CPJ had named Politkovskaya one of the world's top press freedom figures of the past 25 years in the fall 2006 edition of its magazine, Dangerous Assignments. In an interview for that profile, Politkovskaya noted the government's obstruction and harassment of journalists trying to cover the Chechen conflict and pointed to the deadly 2004 hostage crisis in the North Ossetian town of Beslan. "There is so much more to write about Beslan," she told CPJ, "but it gets more and more difficult when all the journalists who write are forced to leave."

Politkovskaya was poisoned on her way to cover the Beslan crisis. After drinking tea on a flight to the region, she became seriously ill and was hospitalized – but the toxin was never identified because the medical staff was instructed to destroy her blood tests.

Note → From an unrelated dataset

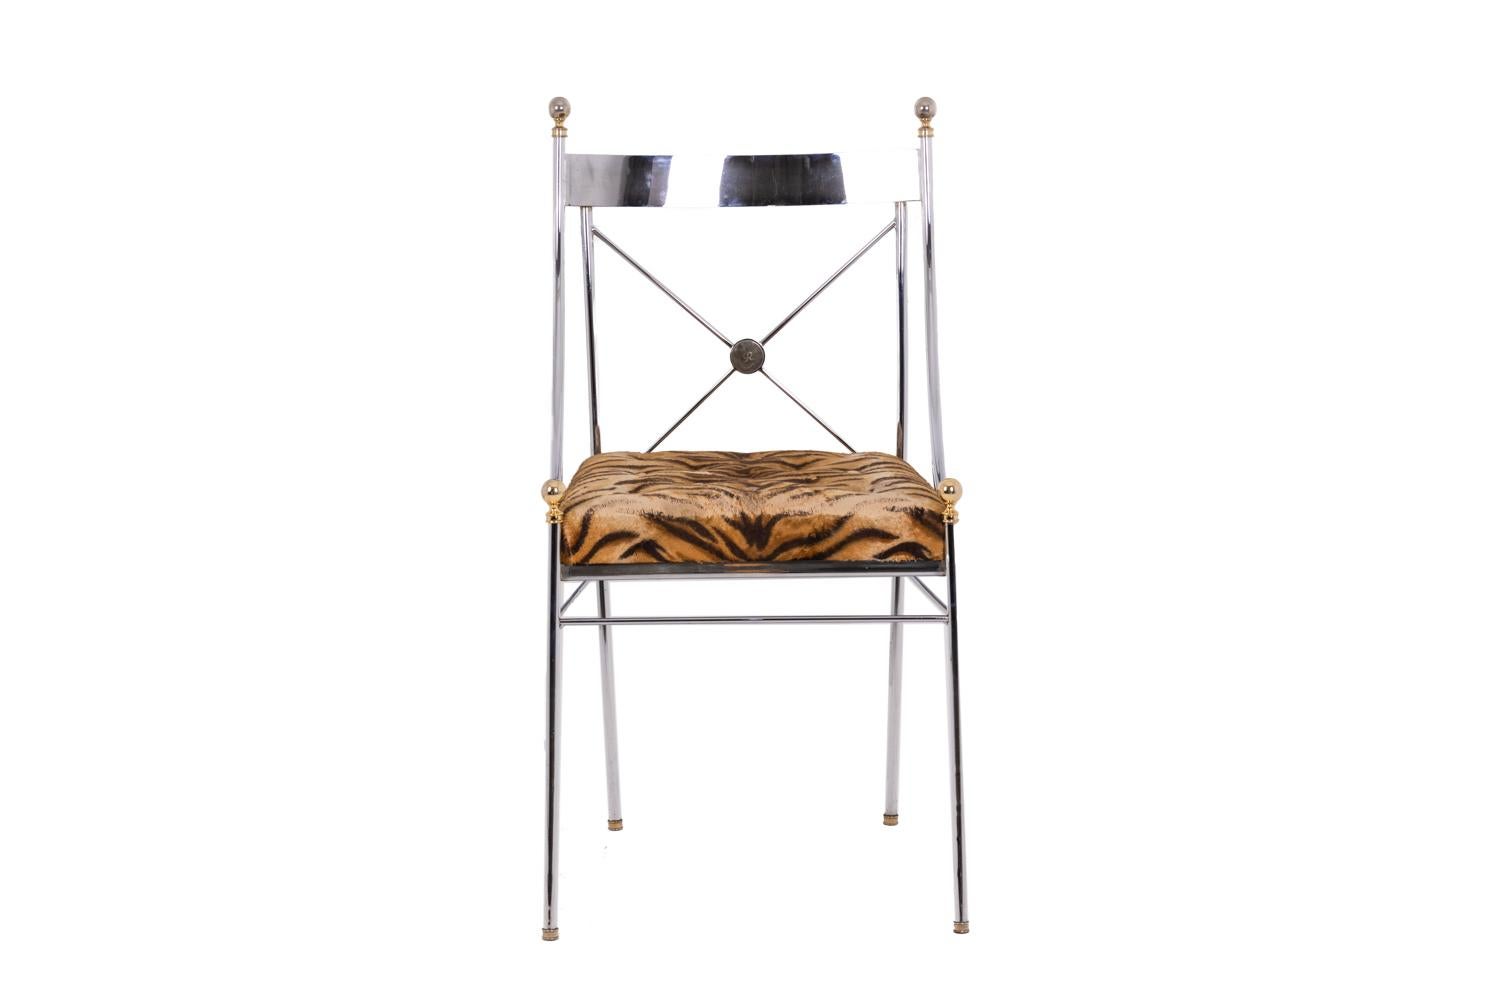 Romeo Rega, signed. 

Chair Directoire style in chromed metal, seat and backrest ending in a decorative ball. Slightly curved top of the backrest. Straight base. Seat upholstered with a printed fabric, tiger motif. Signed in the center of the

Politkovskaya had been threatened and attacked numerous times in retaliation for her work. In February 2001, CPJ research shows, security agents detained her in the Vedeno district in Chechnya, accusing her of entering Chechnya without accreditation. She was kept in a pit for three days without food or water, while a military officer threatened to shoot her. Seven months later, she received death threats from a military officer accused of crimes against civilians. She was forced to flee to Vienna after the officer sent an e-mail to Novaya Gazeta promising that he would seek revenge.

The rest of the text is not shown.